A common misstep among less-seasoned manufacturers is overleveraging themselves on new equipment in the well-intentioned effort to increase capacity. As veteran shop owners know, investing in new equipment can actually be a risky move and be a hindrance to your goals if administered incorrectly.
Over the years, we’ve heard from thousands of suppliers about what they've seen when it comes to decisions that have put shops on a rocky path. Not understanding when to purchase equipment has come up a number of times. And when talking about equipment in the scope of increasing capacity, it’s important to note the difference between immediate and future capacity needs.
The two situations should be compared — let's discuss why.
Great. You need to increase your capacity right now. This could be because you just landed a new client that has an untypical set of specifications you need to follow. Or perhaps an existing client is deciding to transfer more work to your job shop, and who wants to turn down more business? But it looks like this work is out of the scope of capabilities your current equipment can perform. So I guess you should start sourcing some new machines.
But then again, maybe that’s not the best course of action. Immediate client needs can put pressure on you to make decisions that you would often give more thought to. New equipment can become a sinkhole for your finances if a strategy for future work is not set in place. If future work for new equipment is undetermined, then that might be all the reason you need to hold off buying.
"But I still need the equipment to fulfill the contract,” you say. Have you considered leasing? Sometimes leasing is viewed as a hassle, but it’s a better alternative than outsourcing the work and is certainly much more flexible than buying the machine outright in these sorts of situations. You won’t have to scramble to find work to make the purchase profitable, especially if you only need to fulfill an immediate need. Whether over the course of a month or two years, once the work is done, so is the lease on your machine. And hey, if you end up finding more work for the equipment during the course of its lease, feel free to look into purchasing it.
Work is slow. You haven’t increased profits in some time, and you’ve all but tapped out your current client base and their industries. It’s time to look elsewhere. But bidding on new work is hard. First you have to find work you are qualified for and then you have to adjust your entire workflow to accommodate the new business. Some of these adjustments may mean acquiring new equipment. Depending on the machinery needed, you may be diving into a huge investment anchored at the bottom of uncertain waters.
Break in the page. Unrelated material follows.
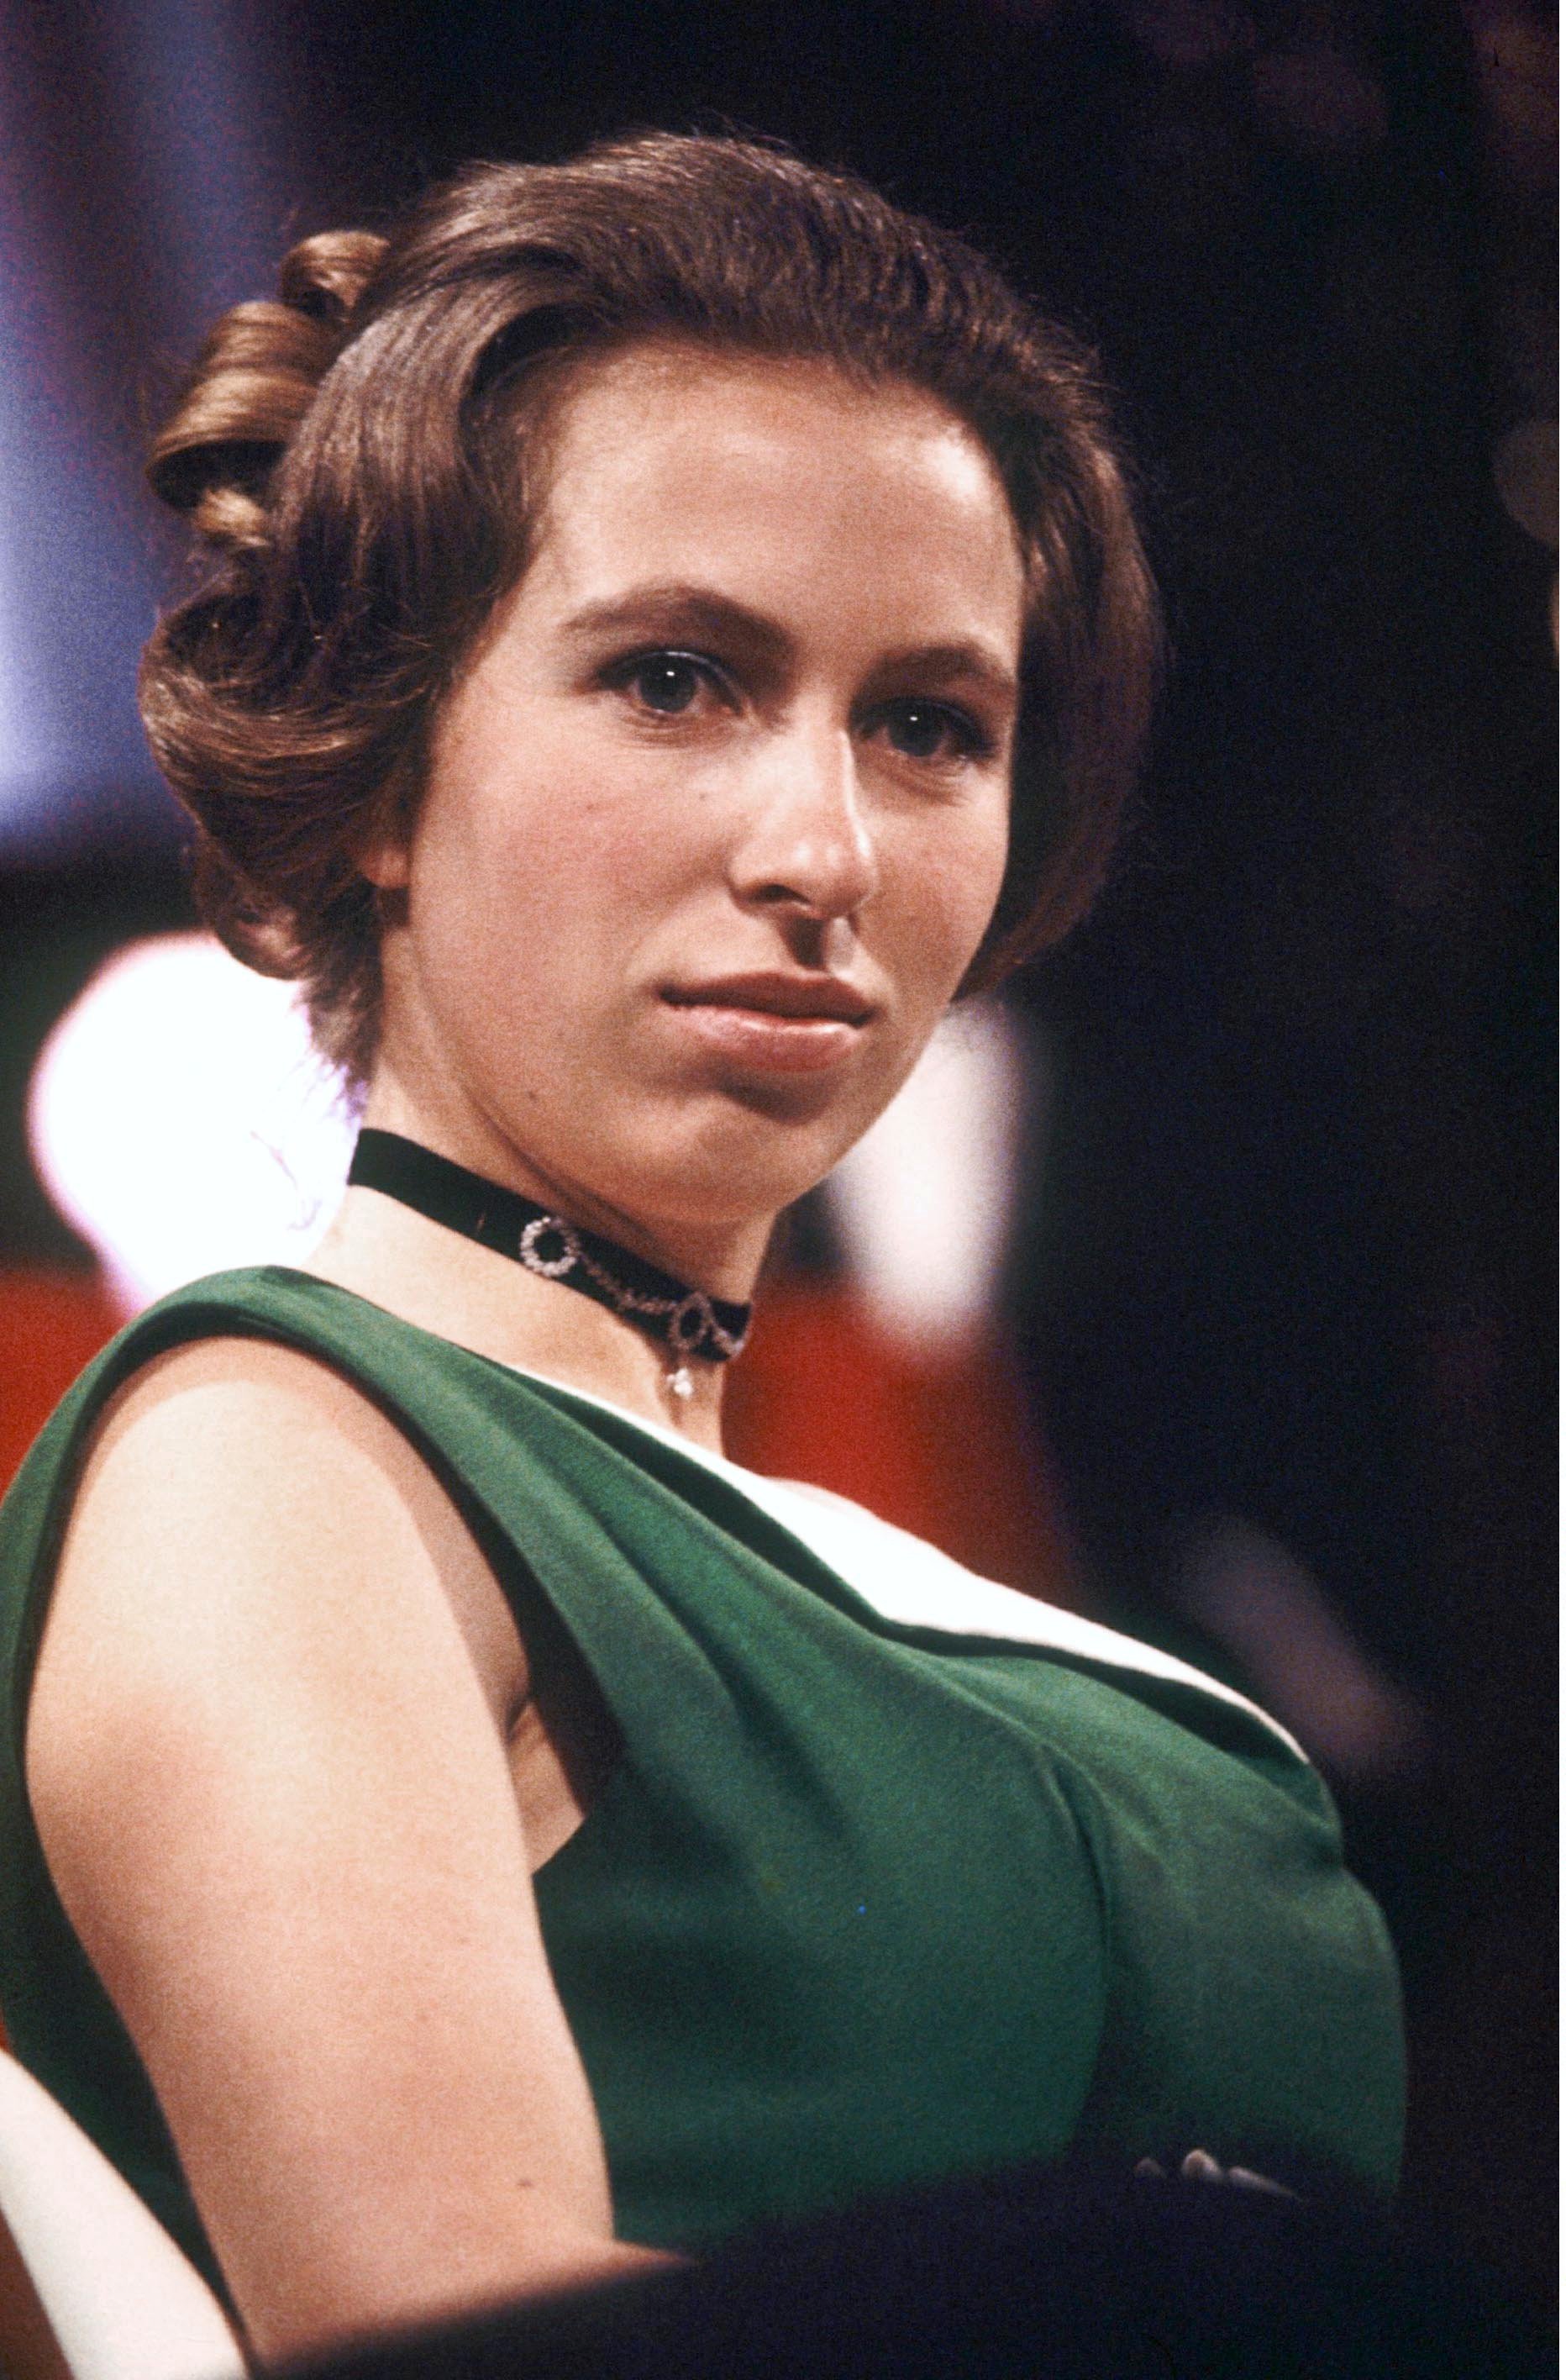 La princesse Anne assiste à la Society of Film and Television Awards, qui deviendra plus tard BAFTA le 04 mars 1971, à Londres, en Angleterre.  |  Source: Getty Images.

So what do you do? Anticipated client needs are easier to account for, and as long as you aren’t floundering for business, easier to plan new purchases around. For instance, if you are looking to break into a new business that could require new equipment, and these are the things to consider.
- Can your current labor force learn and operate the new machine(s)?
- Do you have to change the shop floor to maximize new workflows?
- Do you have to buy a new machine, or would a used one do the trick?
- If you buy new equipment, will you find enough work to make it worthwhile?
- Is it feasible with your current budget to make a purchase?
- And most importantly, will this machine solve the problem on hand, or are you grasping at straws?
You know what the right answers to those questions are. Use them during your decision process. All we’re trying to press is that making new equipment purchases is not something to be taken lightly. The situation differs from every shop owner, but we’ve seen the wrong purchase render companies bankrupt. So do yourself a favor. Do your research on the industry, the equipment, and your own job shop. Make the best choice for your business and enjoy the benefits.